981 N.W.2d 573
Neb.2022Background
- Plaintiffs Central States Development, LLC and SJ Apartment sued attorney Elizabeth Friedgut and DLA Piper for legal malpractice arising from Friedgut’s representation in HUD/HAP matters relating to a Nebraska property (St. James Manor) that later foreclosed.
- Foley (Central States’ manager) contacted Friedgut at her Chicago/DLA Piper office; plaintiffs allege Friedgut failed to pursue appeals that would have preserved HUD payments, causing bankruptcy and loss of the Nebraska project.
- Friedgut is an Illinois resident, worked from Illinois, never was licensed or appeared in Nebraska, and never traveled to Nebraska for the representation; DLA Piper has no Nebraska office or attorneys licensed in Nebraska.
- Invoices were mailed to Foley in Omaha and he paid them; plaintiffs stress the relationship and the alleged injury occurred in Nebraska.
- Defendants moved to dismiss for lack of personal jurisdiction; the district court held a hearing on affidavits and dismissed for lack of minimum contacts. The Nebraska Supreme Court affirmed.
Issues
| Issue | Plaintiff's Argument | Defendant's Argument | Held |
|---|---|---|---|
| Whether Nebraska can exercise specific personal jurisdiction over Friedgut/DLA Piper for malpractice arising from HUD work | Representation and billing to Nebraska entities (and injury in Nebraska) show sufficient contacts; defendants should have anticipated being haled into Nebraska court | Friedgut was retained after Foley contacted her in Chicago; all work was federal/HUD-focused and performed from Illinois; no solicitation, office, license, court appearances, or travel to Nebraska | No. Plaintiffs failed to show purposeful availment or substantial connection to Nebraska; specific jurisdiction does not attach |
| Whether the Nebraska location of the harmed property/where injury was felt suffices to establish jurisdiction | Loss of the Nebraska project and resulting damages occurred in Nebraska, so jurisdiction is proper | Effects in Nebraska alone are insufficient; defendant’s own contacts must connect them to Nebraska | No. The location of the injury standing alone does not create the defendant’s meaningful contacts with Nebraska (Walden analysis) |
Key Cases Cited
- Yeransian v. Willkie Farr, 305 Neb. 693, 942 N.W.2d 226 (Neb. 2020) (discusses purposeful availment and long-arm statute interpretation).
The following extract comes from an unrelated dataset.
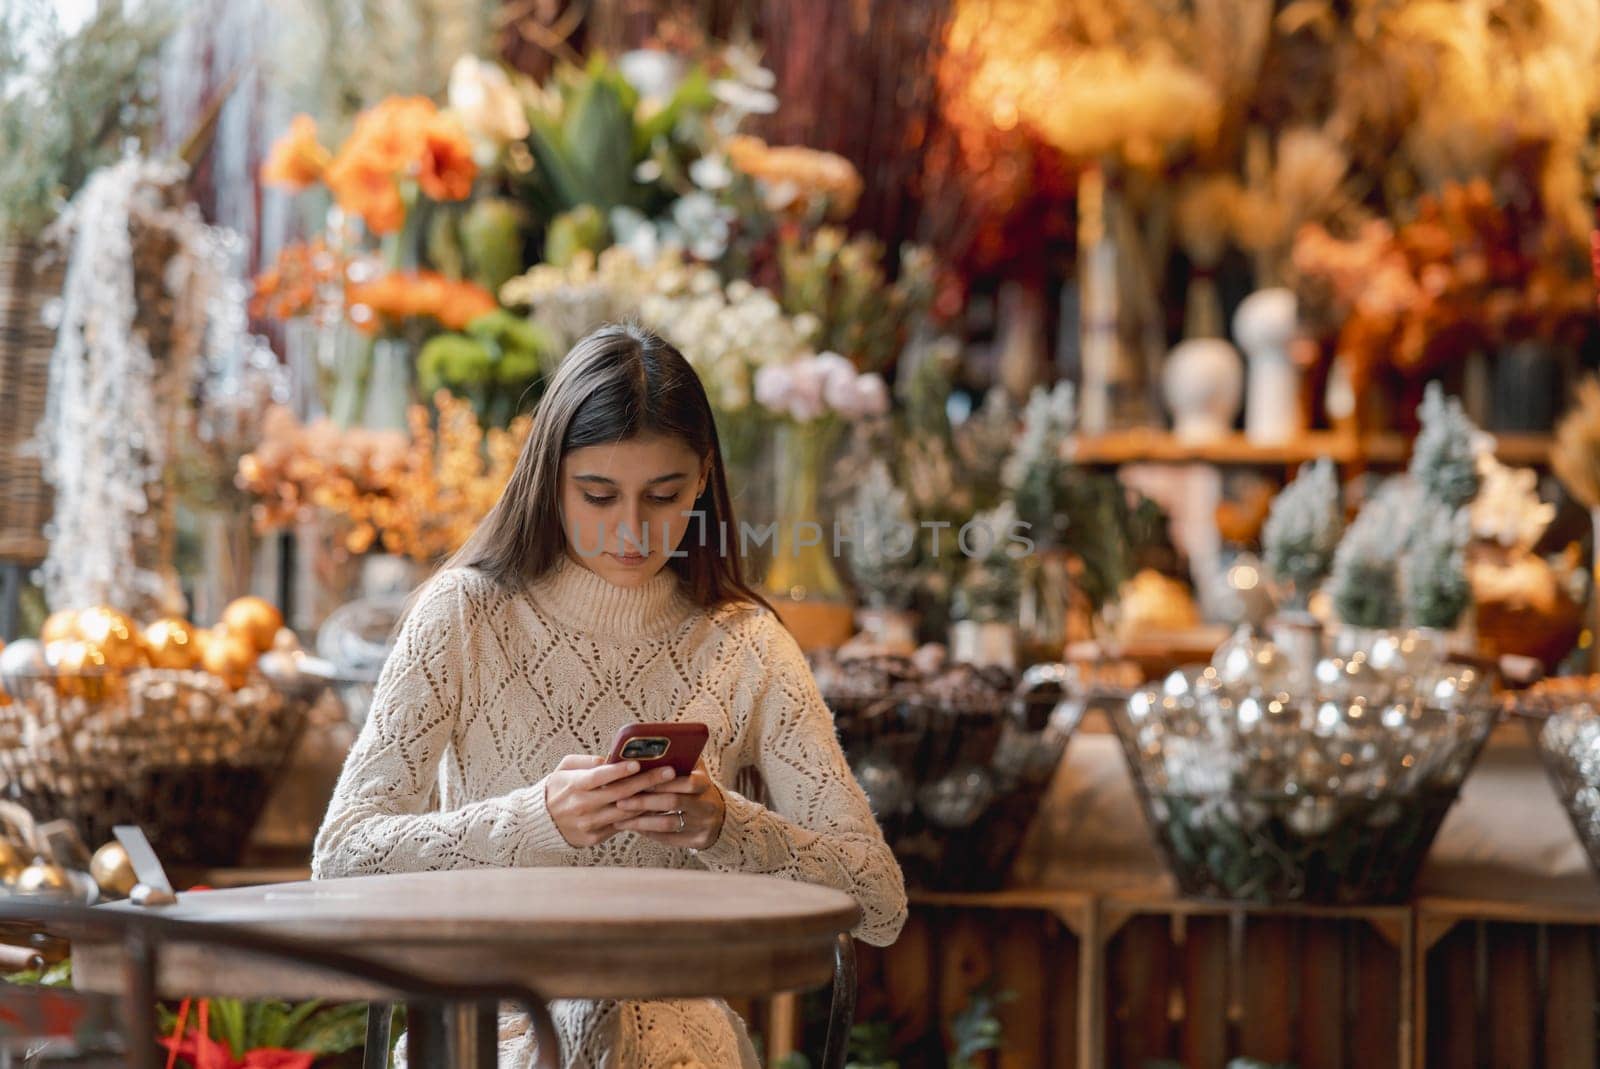 A beautiful woman explores the decor store with her phone in hand. by teksomolika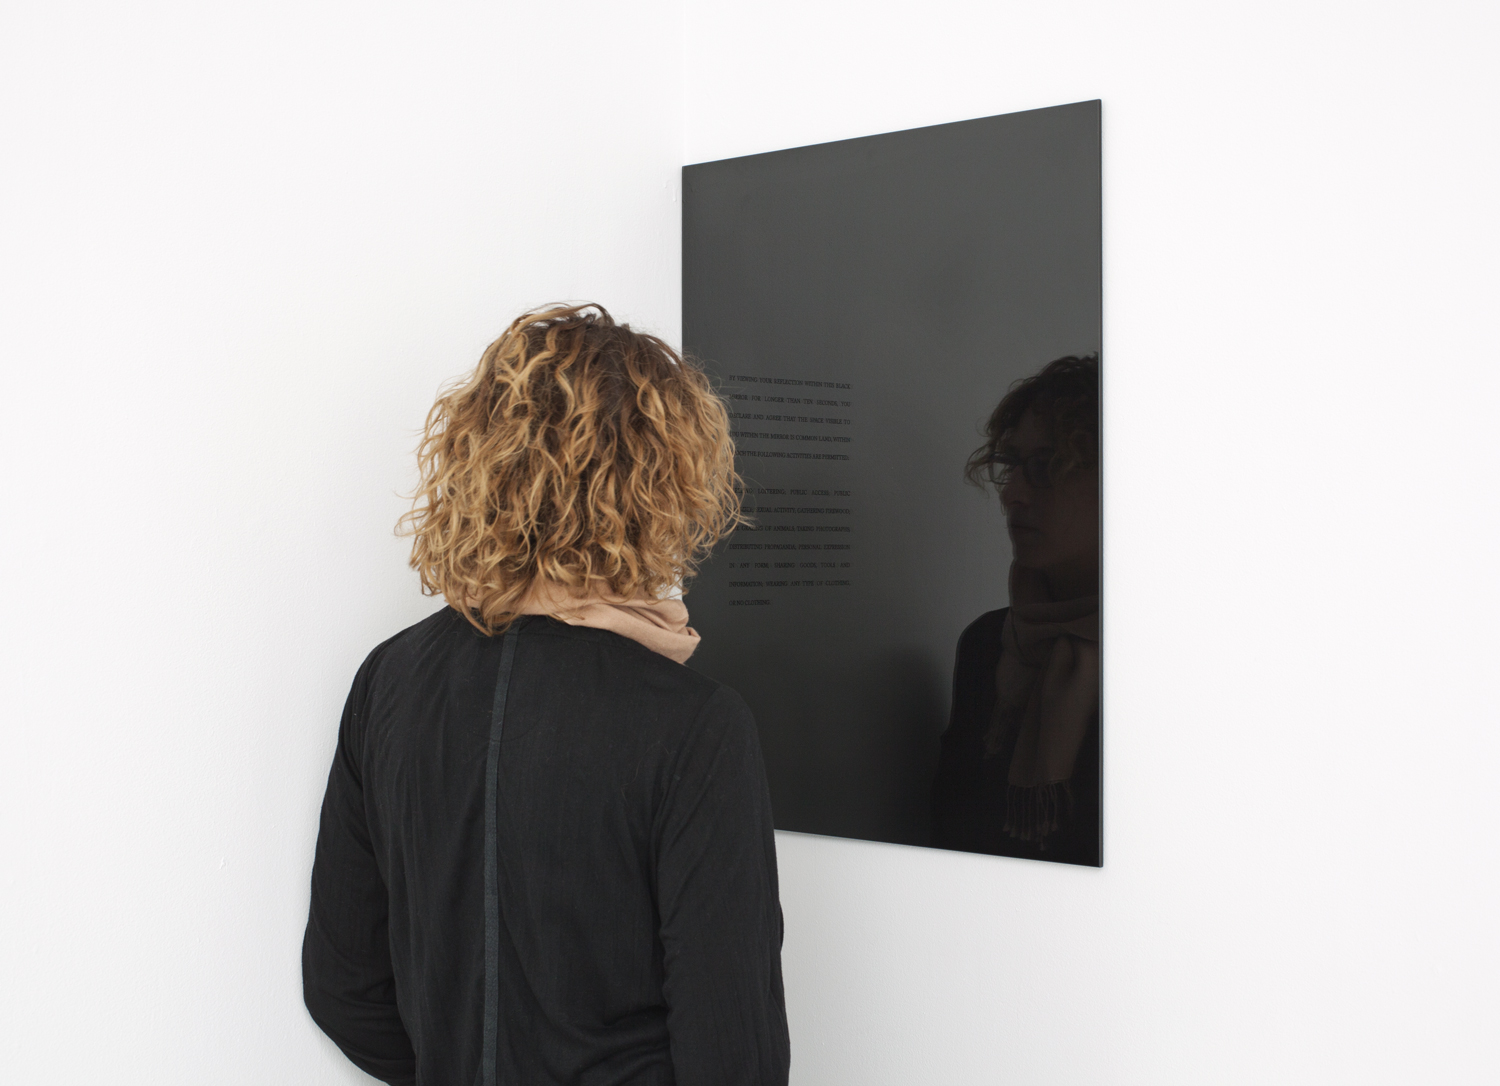  Carey Young,&nbsp;2010, Obsidian Contract, &nbsp;vinyl text and black mirror. First exhibited at Paula Cooper Gallery, New York

- Walden v. Fiore, 571 U.S. 277 (U.S. 2014) (injury’s location alone does not establish meaningful forum contacts).
- Williams v. Gould, Inc., 232 Neb. 862, 443 N.W.2d 577 (Neb. 1989) (contract-based contacts may support jurisdiction when defendant purposefully directs activities to forum).
- RFD-TV v. WildOpenWest Finance, 288 Neb. 318, 849 N.W.2d 107 (Neb. 2014) (standards for prima facie showing and appellate review of jurisdictional dismissal).
- Hand Cut Steaks Acquisitions v. Lone Star Steakhouse, 298 Neb. 705, 905 N.W.2d 644 (Neb. 2018) (minimum contacts discussion).
- Austad Co. v. Pennie & Edmonds, 823 F.2d 223 (8th Cir. 1987) (out-of-state law firm’s limited phone calls, billing, and brief visits insufficient for jurisdiction).
- Boyer v. Smith, 42 N.E.3d 505 (Ind. 2015) (attorney’s limited federal-agency and out-of-state contacts insufficient for Indiana jurisdiction).